Acabó el soliloquio y permaneció a la espera de alguna respuesta, que, cosa extraña en Lluís Savall, no llegó hasta transcurridos un par de minutos, precedida de un largo suspiro.
—De acuerdo. —Tomó aire, como si necesitara refuerzos de oxígeno—. ¿Y qué hay del escritor? Algo tendrá que ver el relato ese en todo este asunto.
—Ése es otro ángulo, está claro. Por eso, saber quién está detrás de unos cuadros que implican a Santiago Mayart nos dará alguna clave de su papel, o el de ese libro, en todo esto. Independientemente de que sepa algo más de lo que nos ha contado, resulta obvio que han querido señalarlo de una forma muy definida. Nunca nos habríamos fijado en ese cuento de no haber sido por los dichosos cuadros y porque el libro en sí llegó a manos de Fort. Además, y creo que en eso no mentía, Santiago Mayart afirmó que alguien le había estado acosando por teléfono.
—Es un caso extraño —comentó Savall en un tono de cansancio impropio de él—. Y los siete años que han pasado no ayudan, claro. Al menos, ahora la prensa lo encuentra aburrido.
—En fin. Lo único bueno es que la persona que los mató lleva esos mismos años creyéndose a salvo. Hasta ahora.
—¿Tú crees que se ha sentido así? ¿De verdad? No estoy de acuerdo.
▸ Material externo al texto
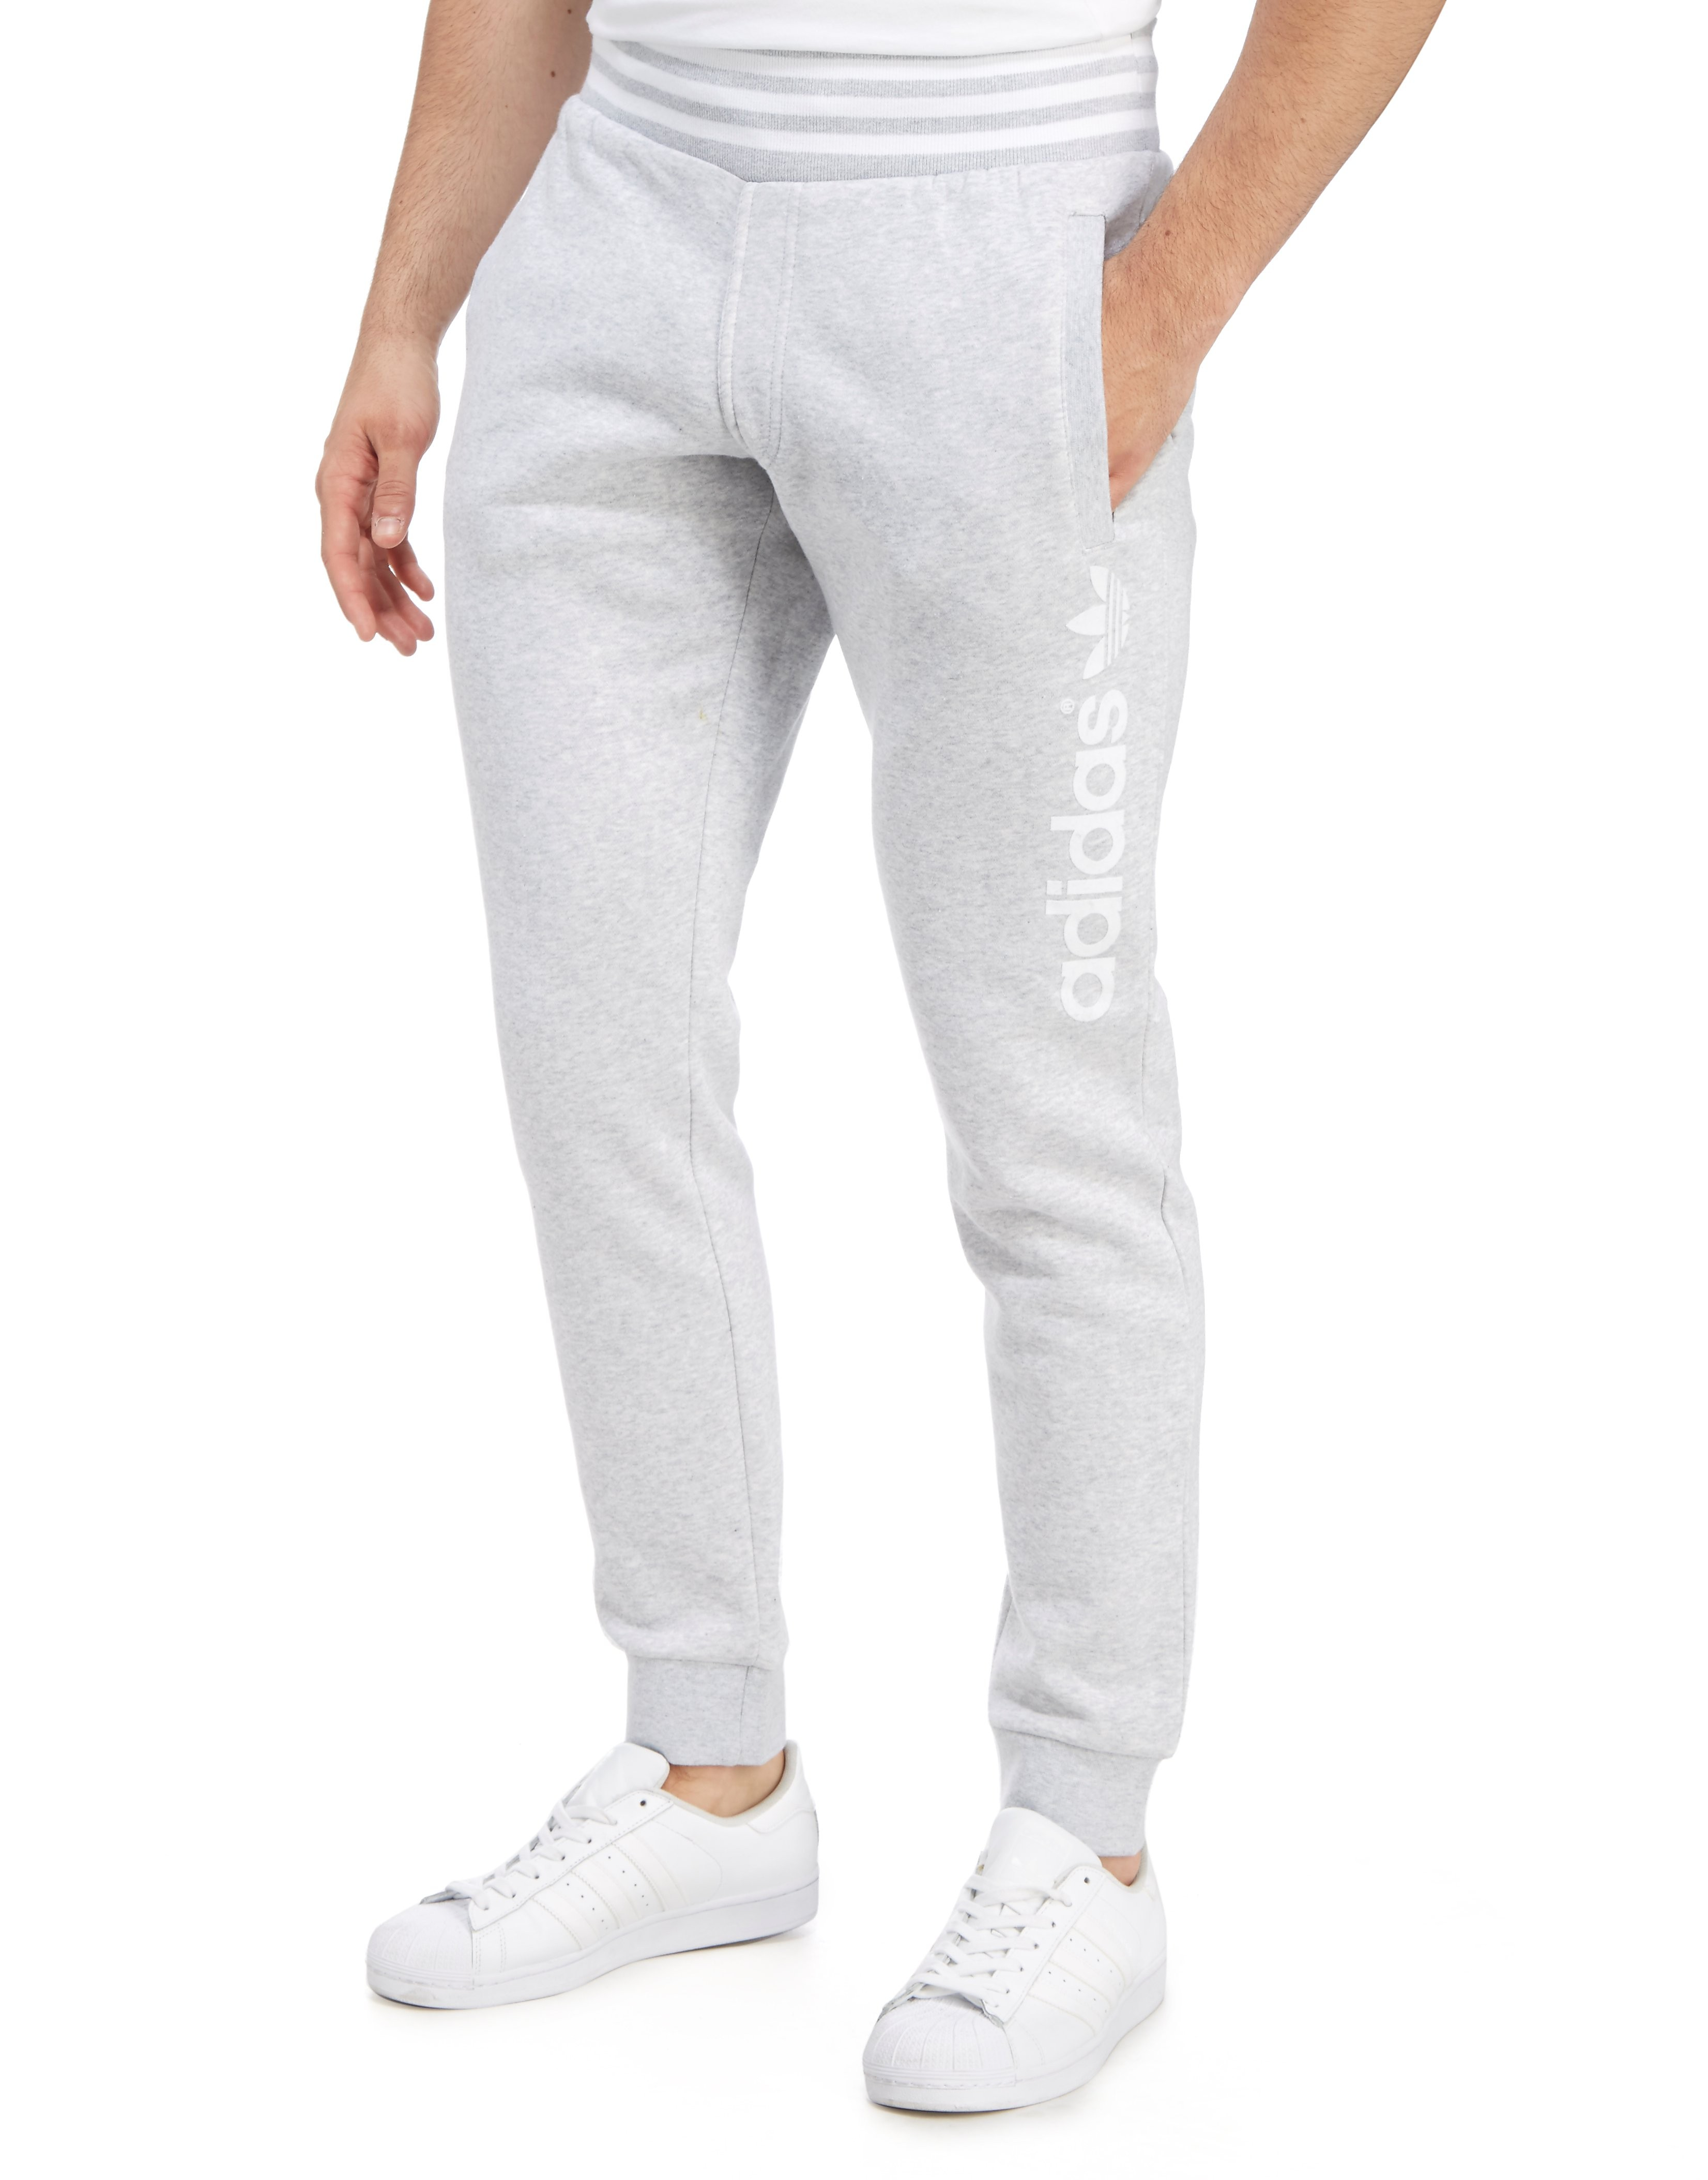 adidas Originals Trefoil 3-Stripes Linear Pants

Si no estamos hablando de un asesino profesional o de un psicópata, ha tenido que vivir con la constante tensión de que los cuerpos fueran descubiertos, de que su crimen saliera a la luz. No, no hay calma para los asesinos, a no ser que sepan con absoluta certeza que su crimen quedará impune. Por eso me inclino por el chico ese, el que está ingresado en un psiquiátrico. Algo así volvería loco a cualquiera.
Era otra manera de verlo, en absoluto descabellada, aunque la voz del comisario se había ido ensombreciendo hasta casi convertirse en un murmullo. Sin embargo, justo después de su intervención sonrió:
—Veremos qué pasa al final. Hablamos mañana.
«Sí», pensó Héctor. Había sido un día largo y, a pesar de que era innegable que avanzaban, las direcciones que tomaba el caso eran demasiado dispersas para alcanzar conclusión alguna. «Ya basta por hoy», se dijo, aunque antes de irse a casa decidió pasar por el despacho de Jordi Guasch. Estaba vacío y Héctor tomó nota mental de hablar con el inspector a primera hora de la mañana siguiente, si lo encontraba.